**GIVEN MATERIAL:**
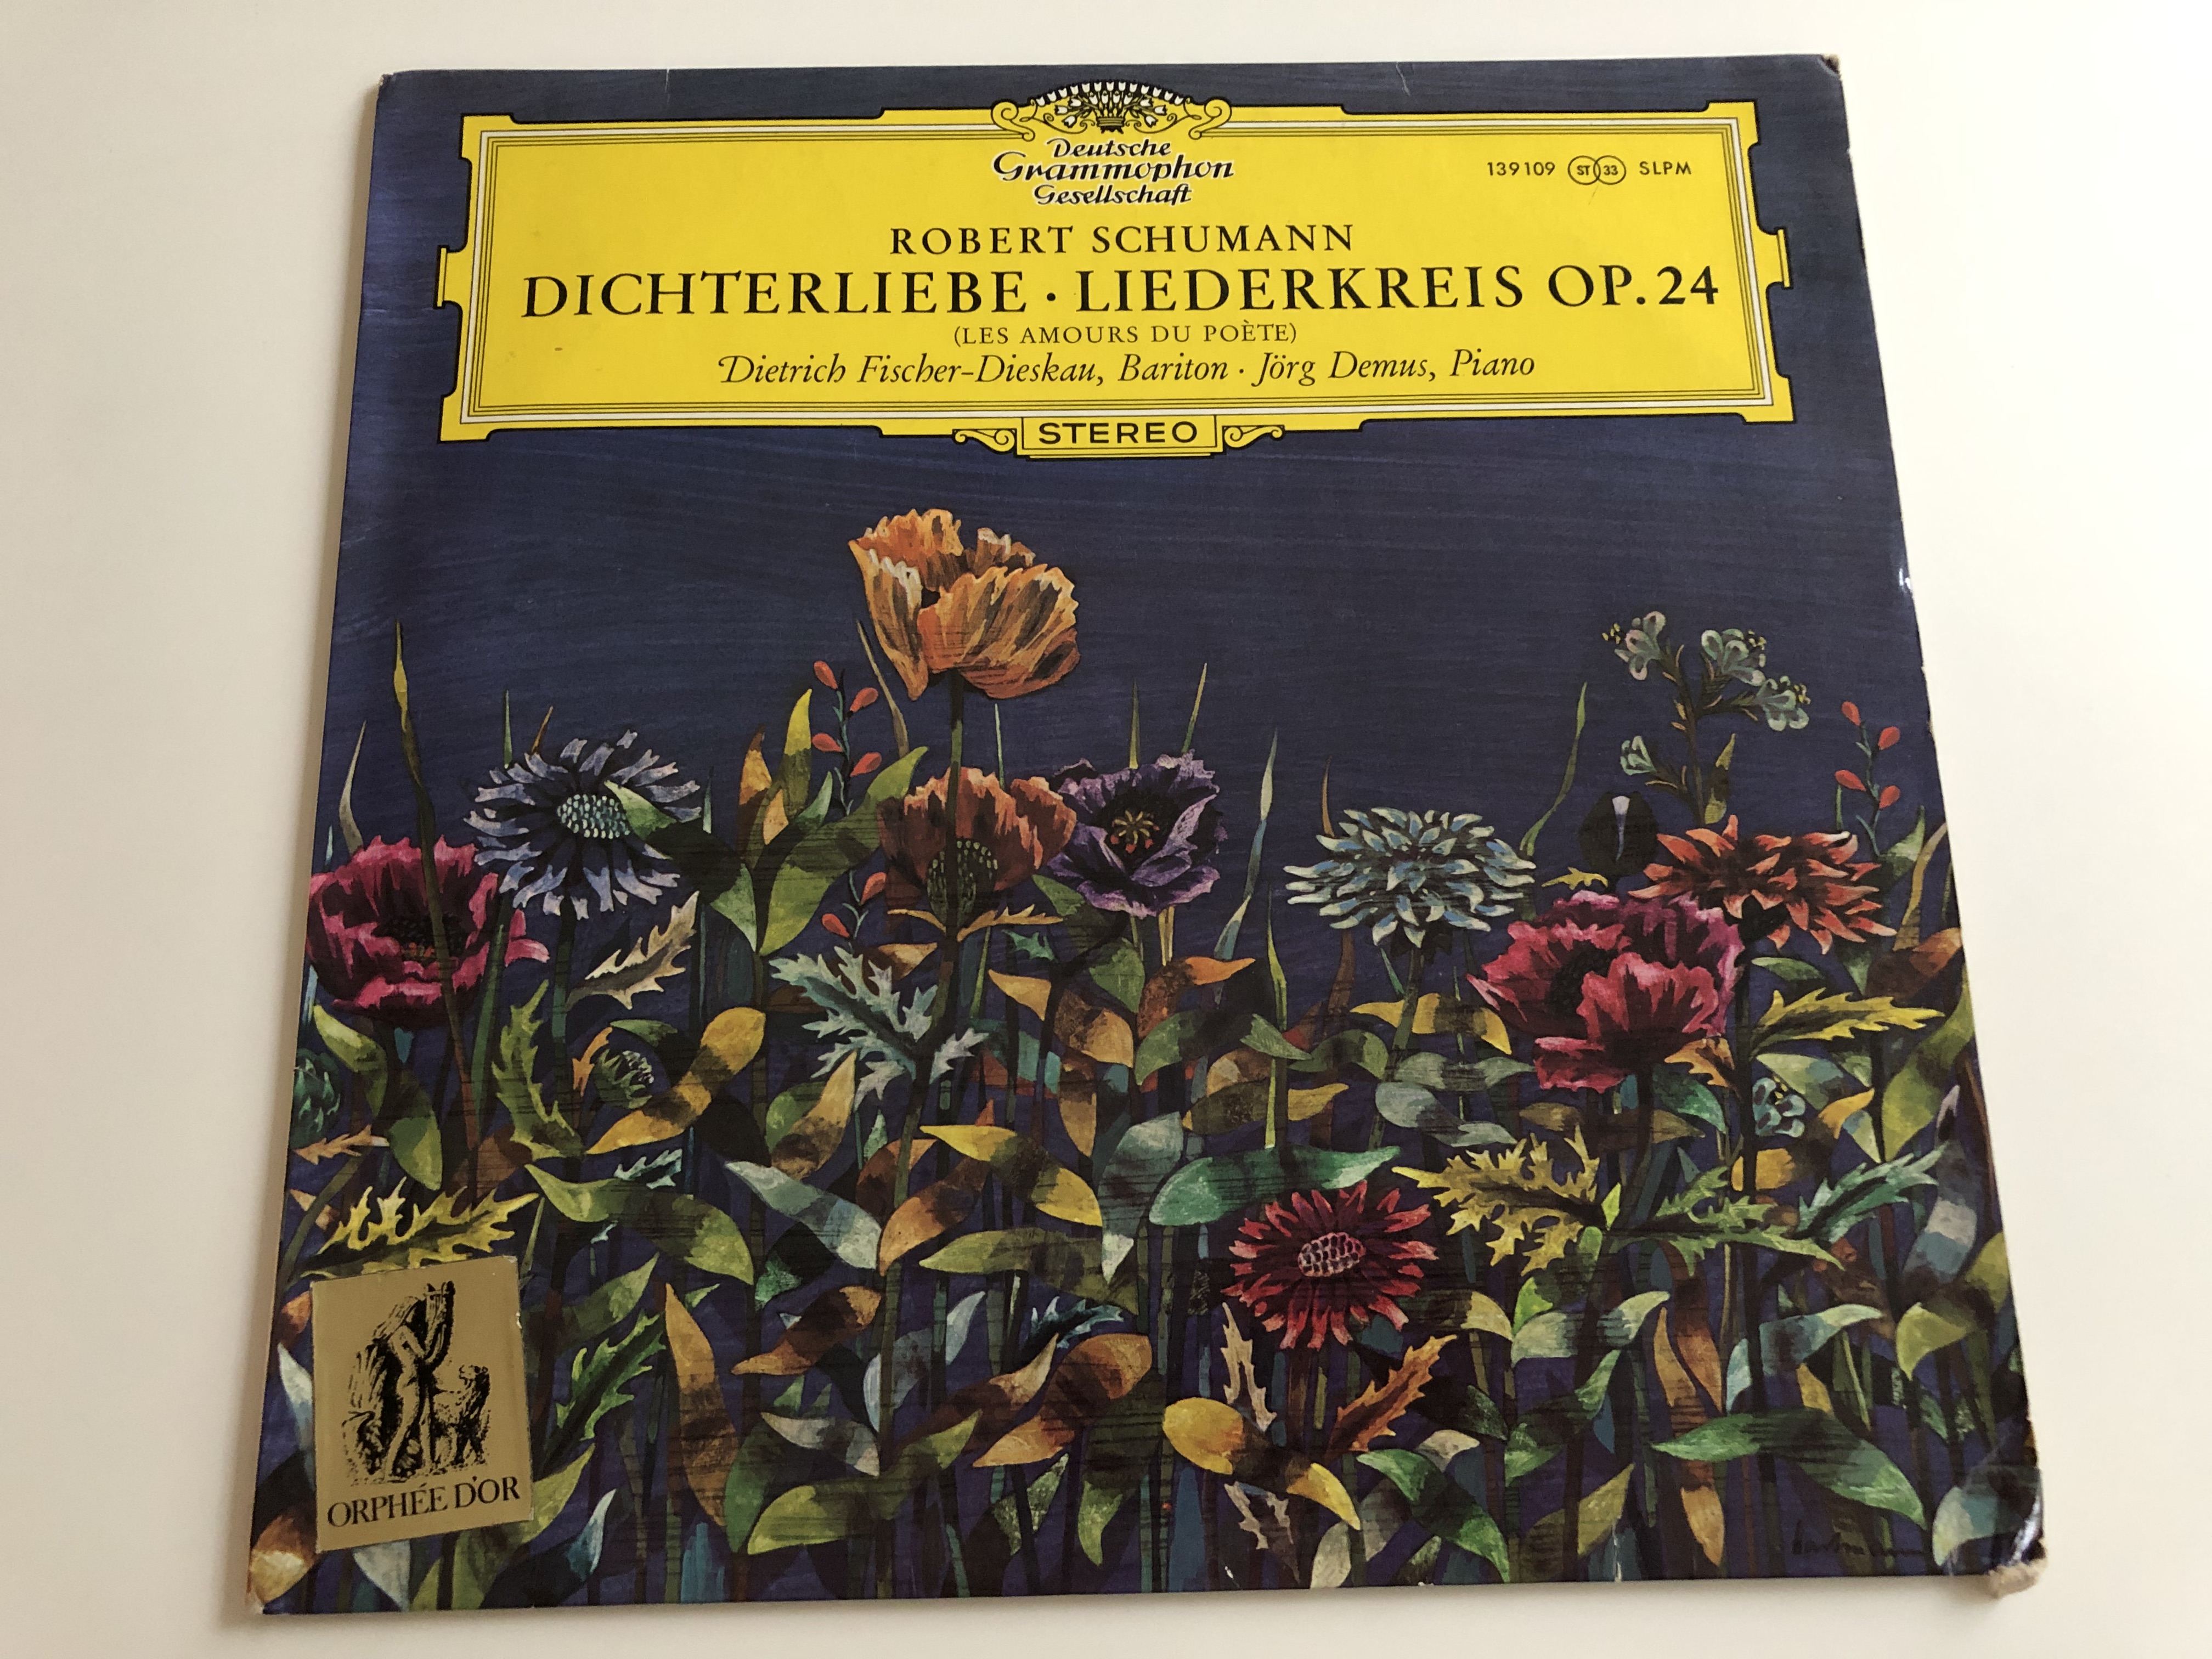 robert-schumann-dichterliebe-liederkreis-op.-24-dietrich-fischer-dieskau-bariton-j-rg-demus-deutsche-grammophon-lp-stereo-139-109-slpm-1-.jpg
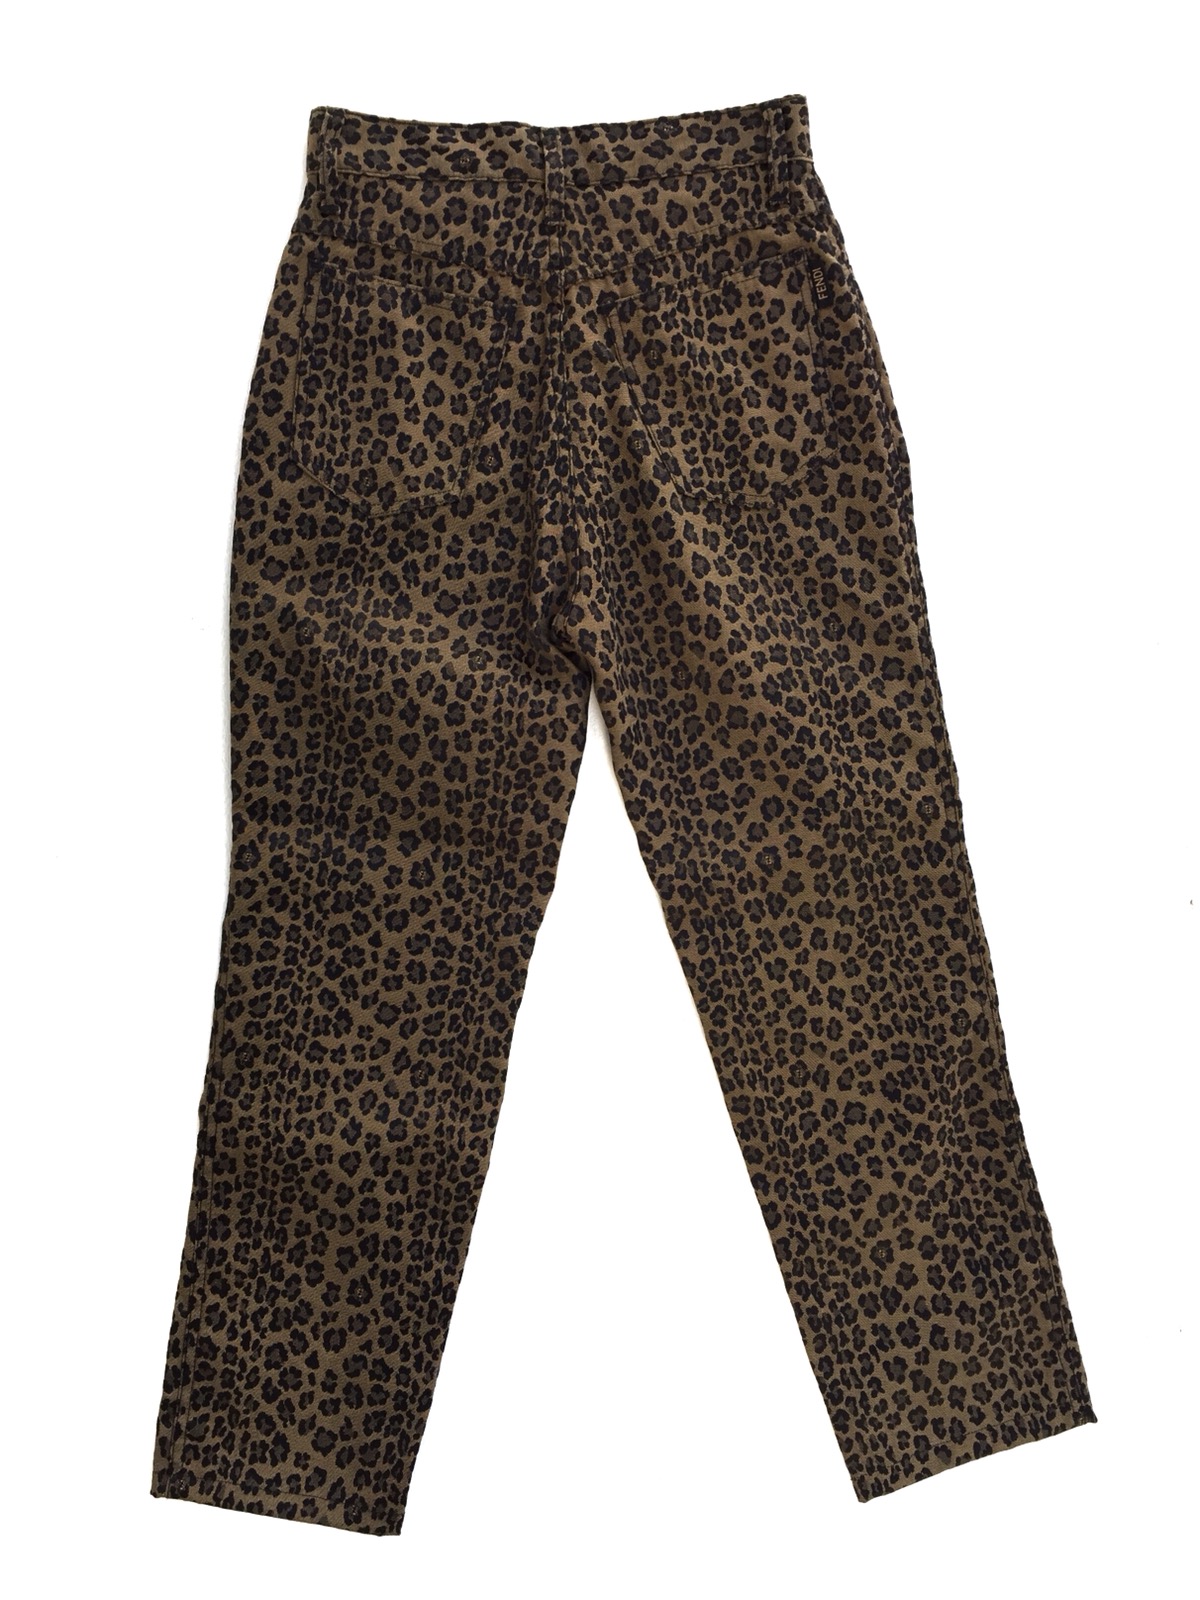 Vintage Authentic Fendi Leopard Pants - 2
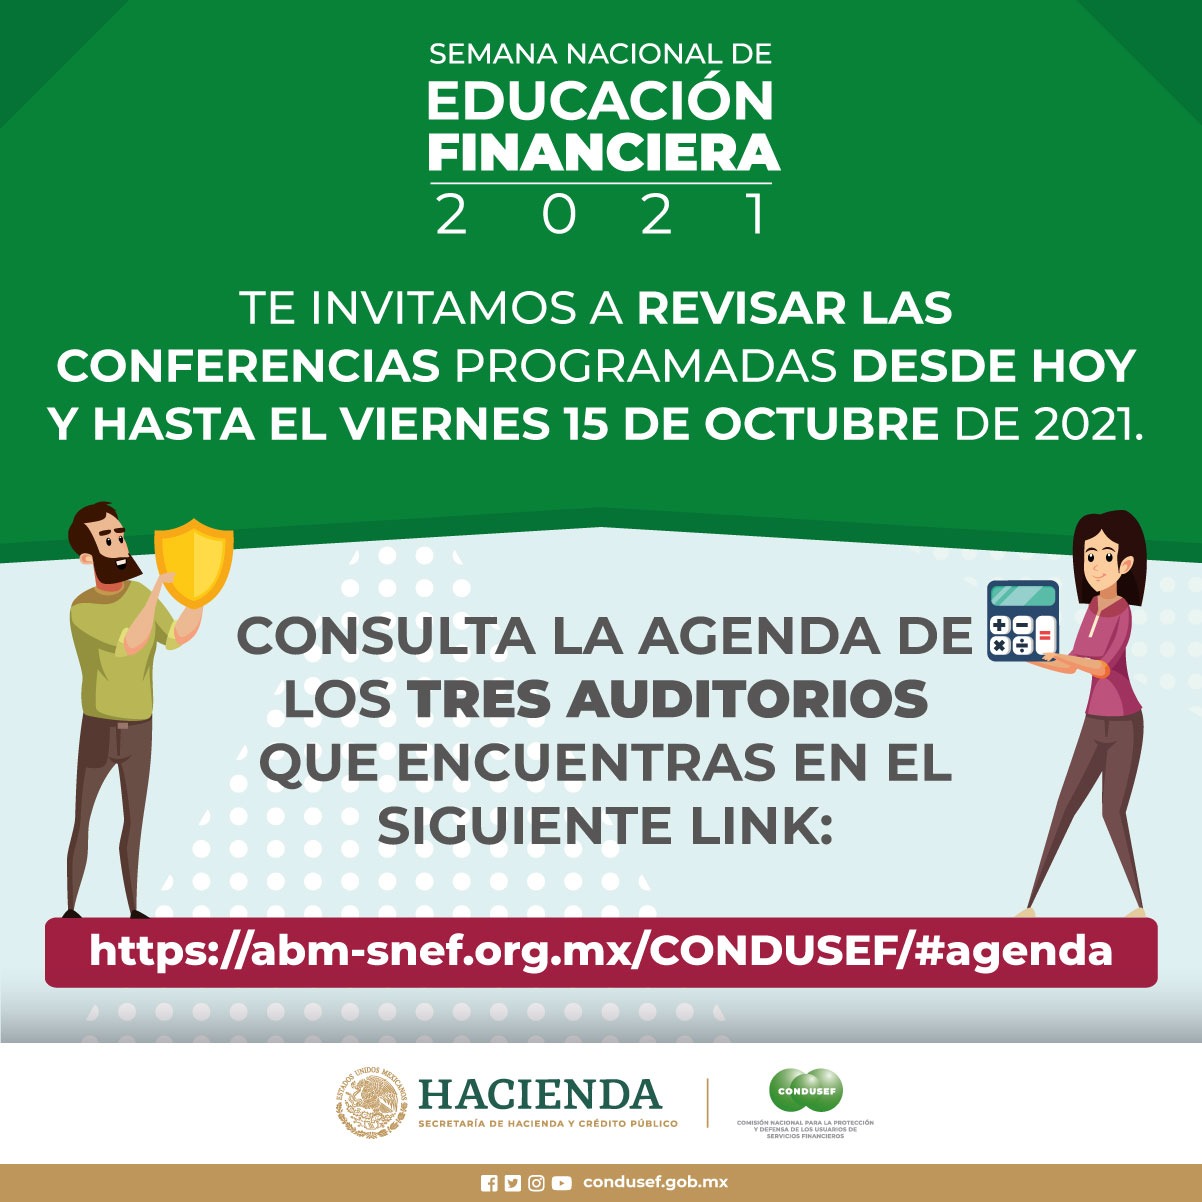 (Español) Participa en la Semana Nacional de Educación Financiera
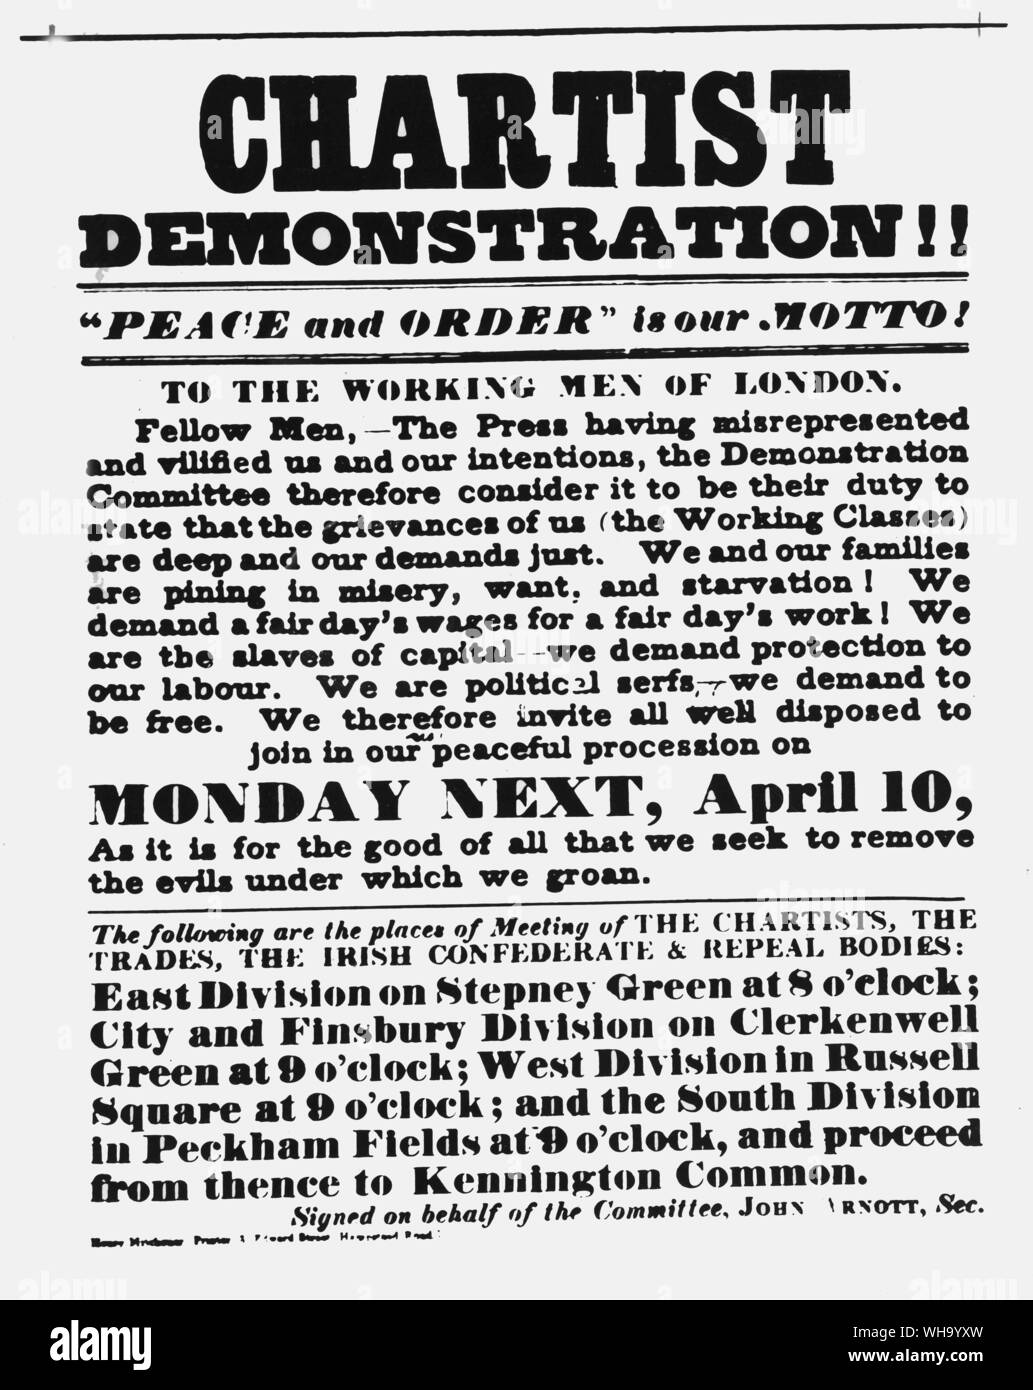 Cartel de chartist demostración, 1848. Foto de stock

**ASSIGNMENT:** The answer should be an exact copy of the material, with its pictures removed.

**EXPECTED ANSWER:**
 robert-schumann-dichterliebe-liederkreis-op.-24-dietrich-fischer-dieskau-bariton-j-rg-demus-deutsche-grammophon-lp-stereo-139-109-slpm-1-.jpg
 Vintage Authentic Fendi Leopard Pants - 2
 (Español) Participa en la Semana Nacional de Educación Financiera
 Cartel de chartist demostración, 1848. Foto de stock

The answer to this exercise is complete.